### TASK DETAILS
Copy out the listing in full, exactly as written, but not its pictures.

### RECORDED INFORMATION
+ + + + + + +

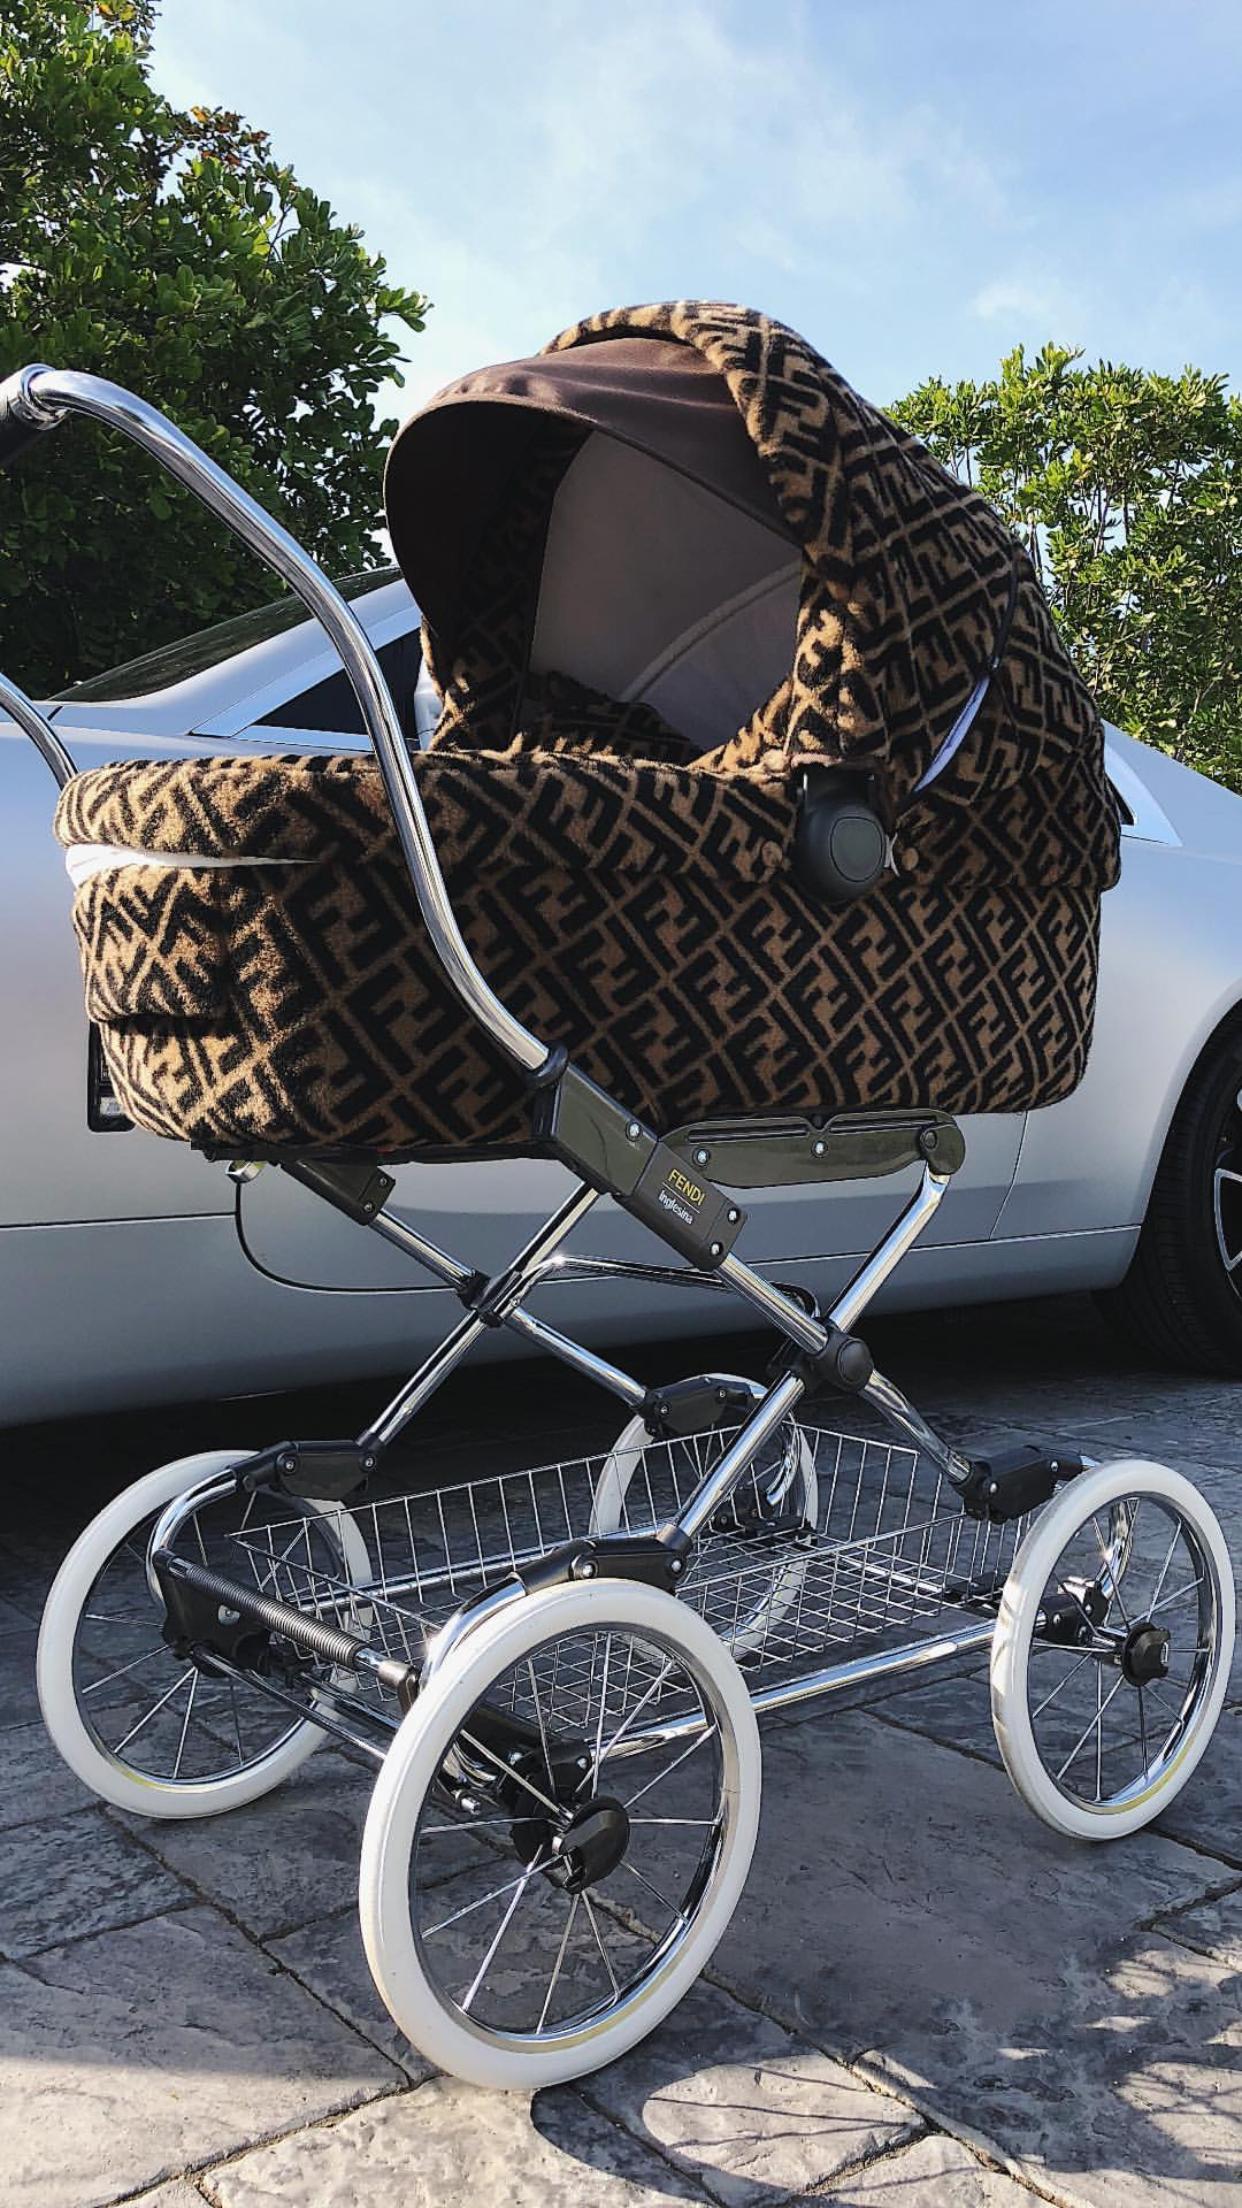 Épinglé par Leslie Rosner sur Home + Car Decor Style
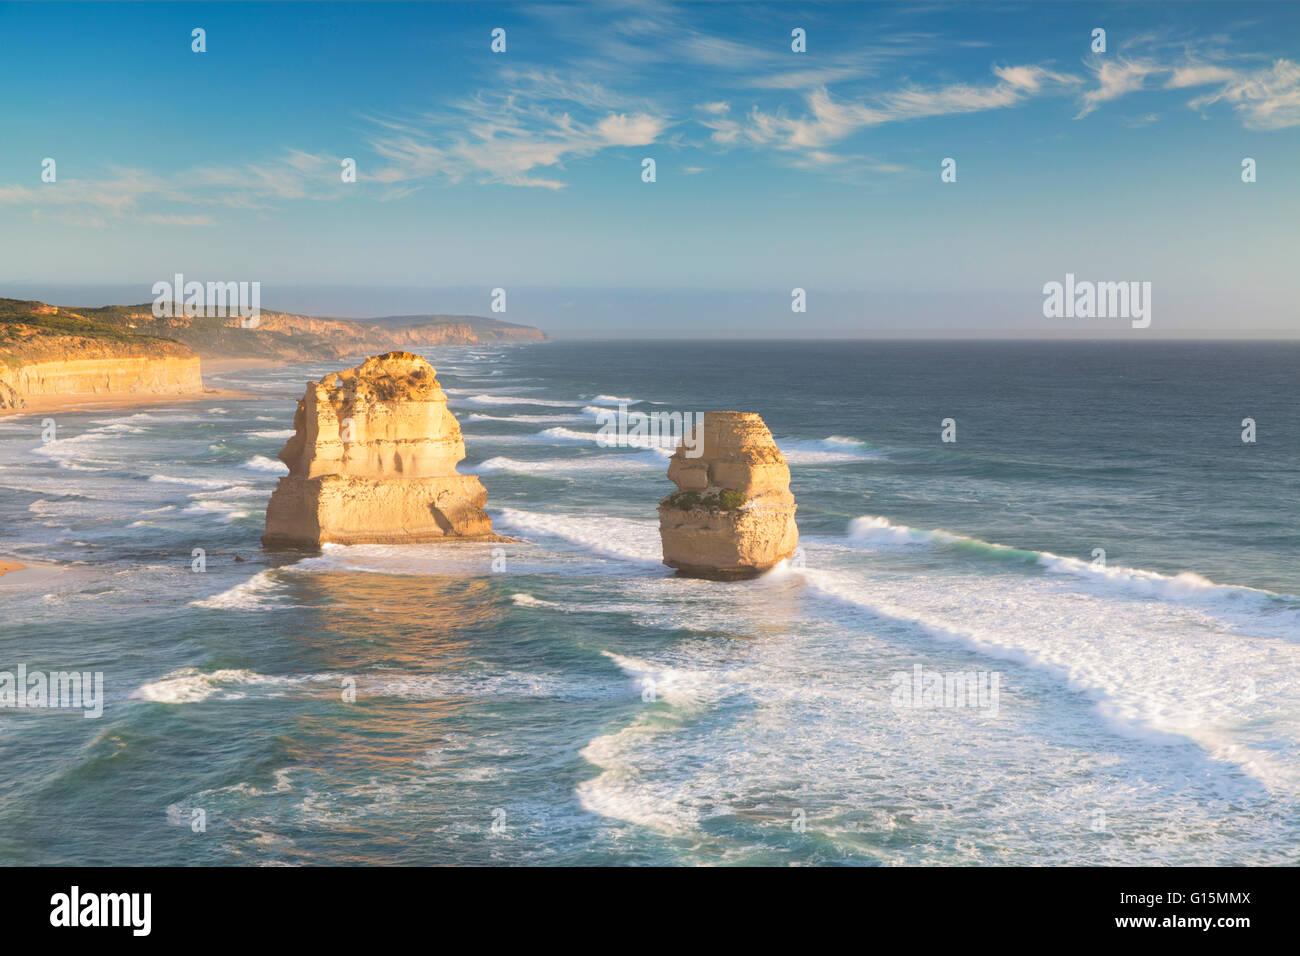 Douze Apôtres, Port Campbell National Park, Great Ocean Road, Victoria, Australie, Pacifique Photo Stock
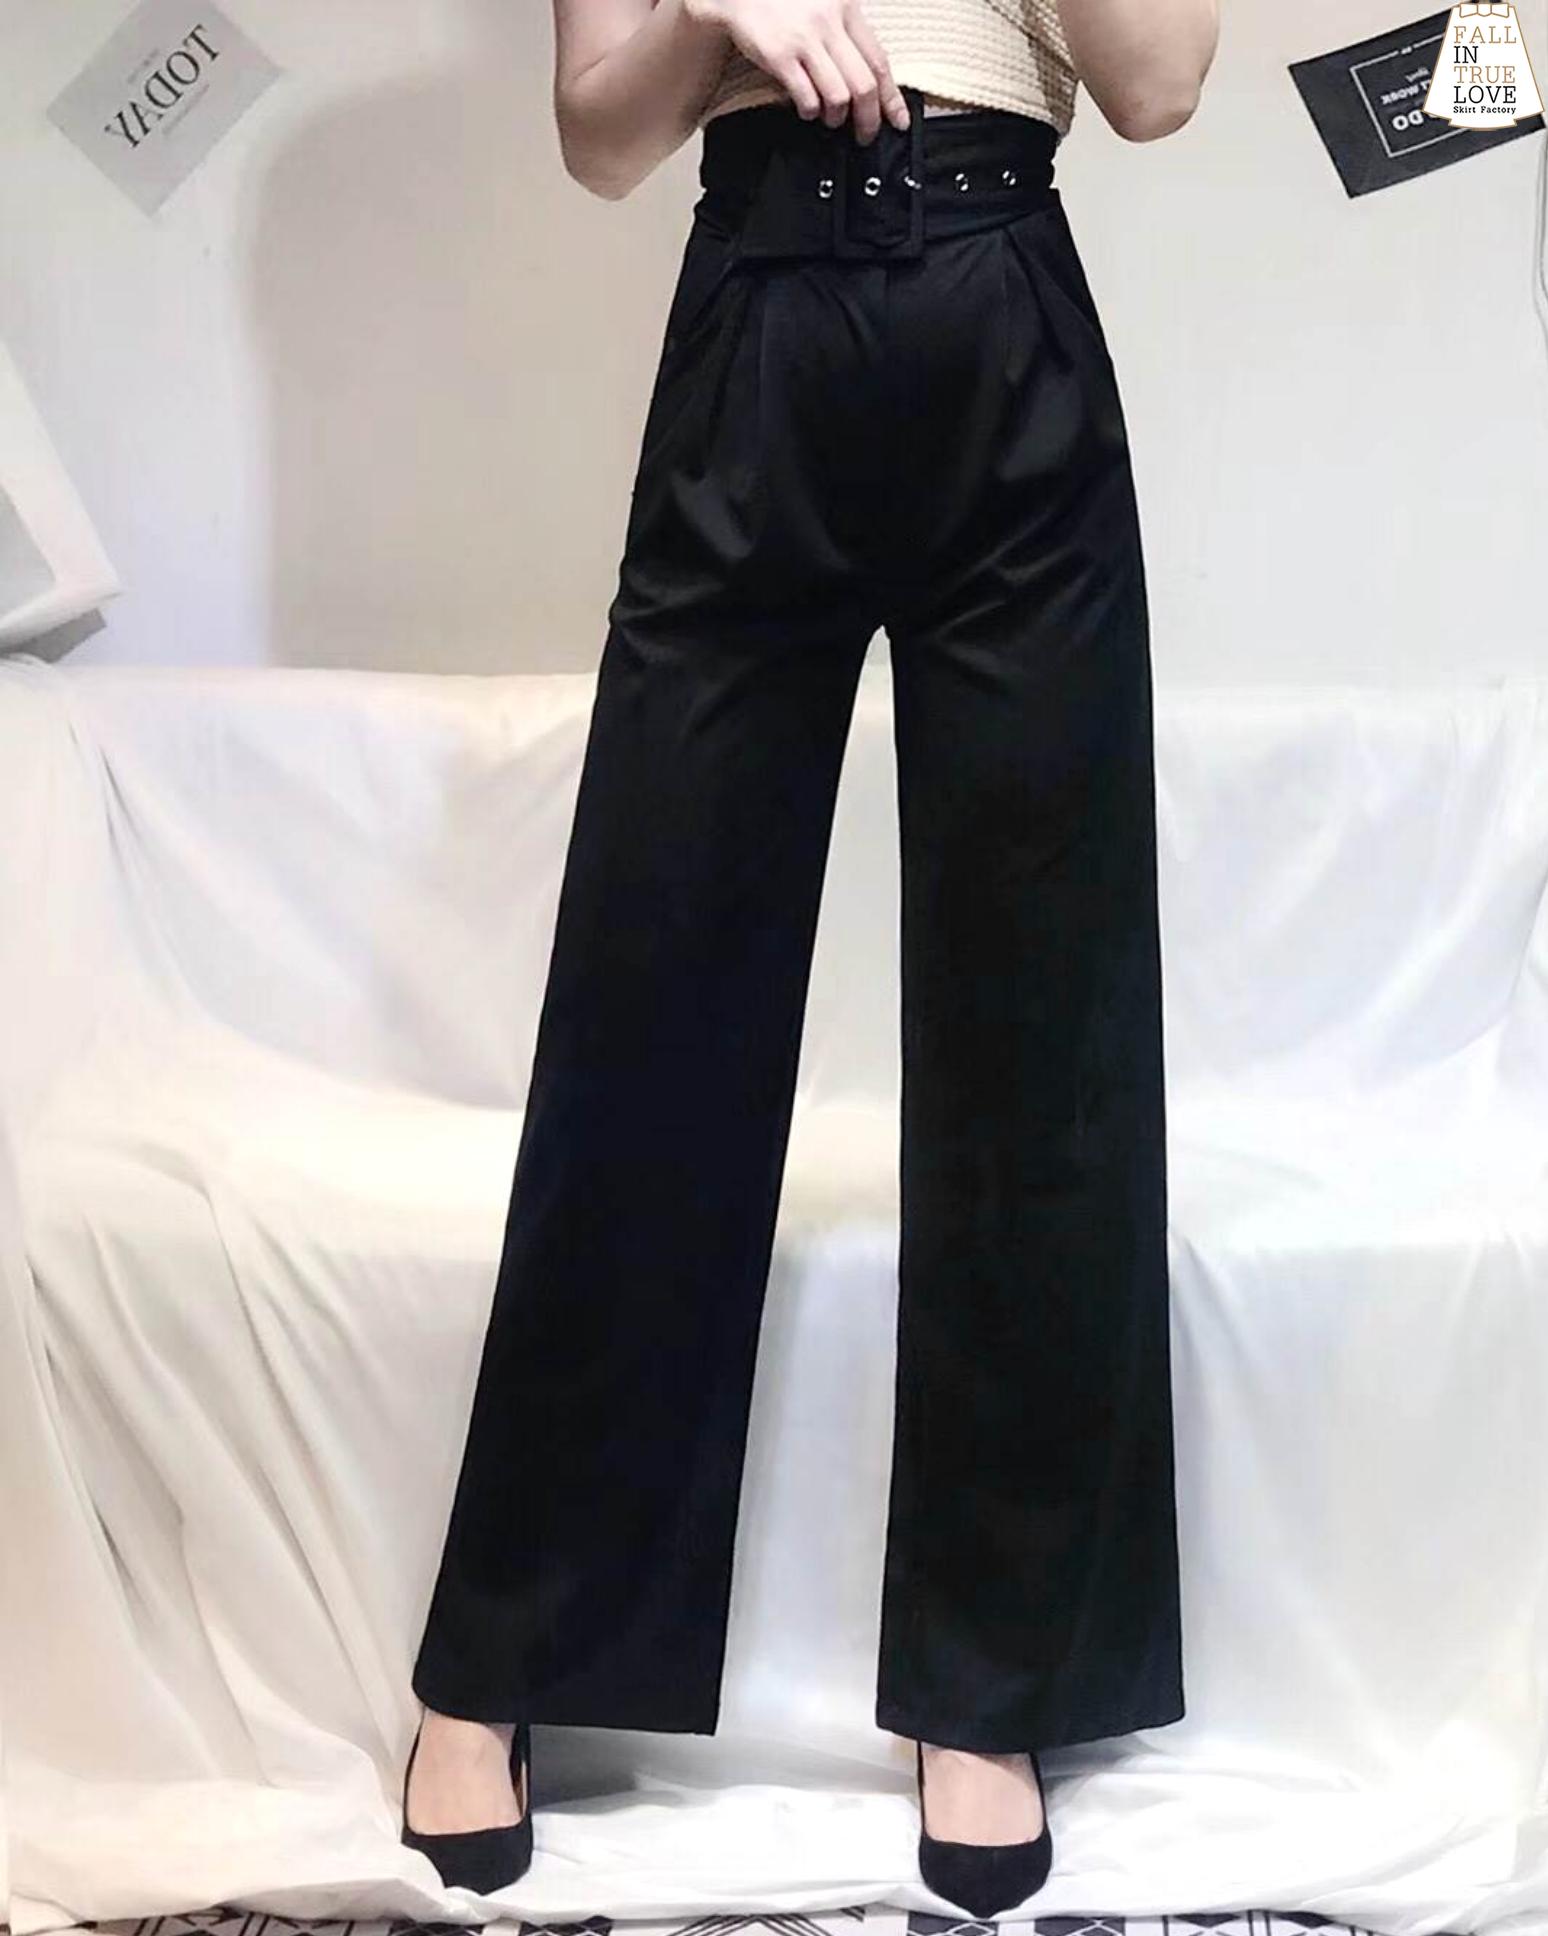 กางเกงแฟชั่น กางเกงผ้ายืดขาบานเอวสูง + สายเข็มขัดใหญ่หัวเหลี่ยม (แยกชิ้นกับตัวกางเกง)
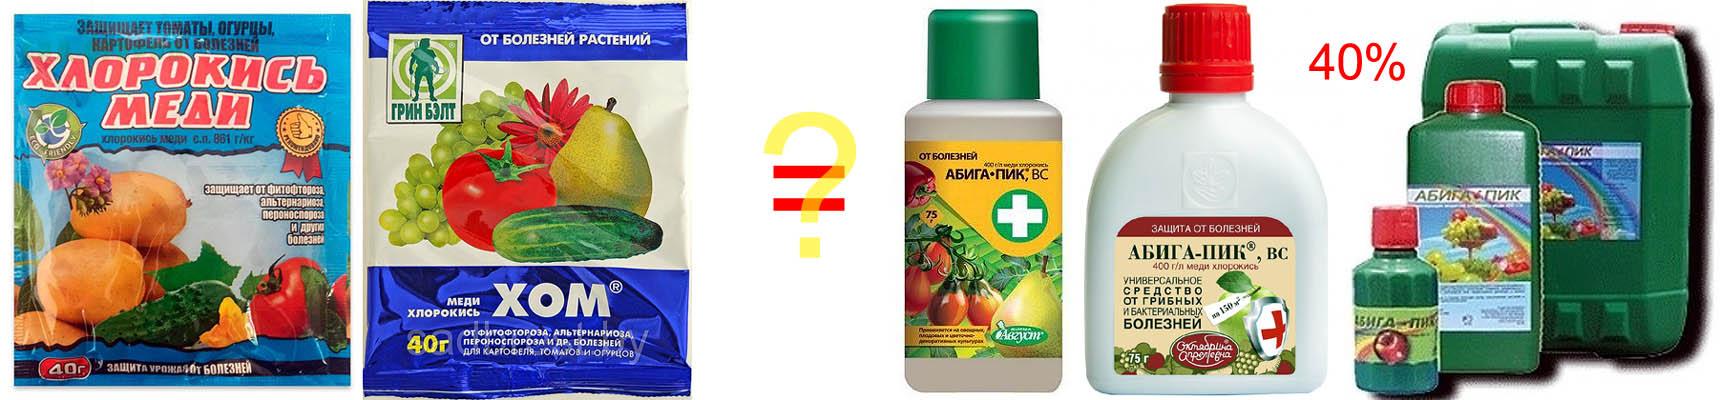 Пестицид Абига Пик и его действующее вещество

+ + + + + + +

### TASK SOLUTION
 Épinglé par Leslie Rosner sur Home + Car Decor Style
 Douze Apôtres, Port Campbell National Park, Great Ocean Road, Victoria, Australie, Pacifique Photo Stock
 กางเกงแฟชั่น กางเกงผ้ายืดขาบานเอวสูง + สายเข็มขัดใหญ่หัวเหลี่ยม (แยกชิ้นกับตัวกางเกง)
 Пестицид Абига Пик и его действующее вещество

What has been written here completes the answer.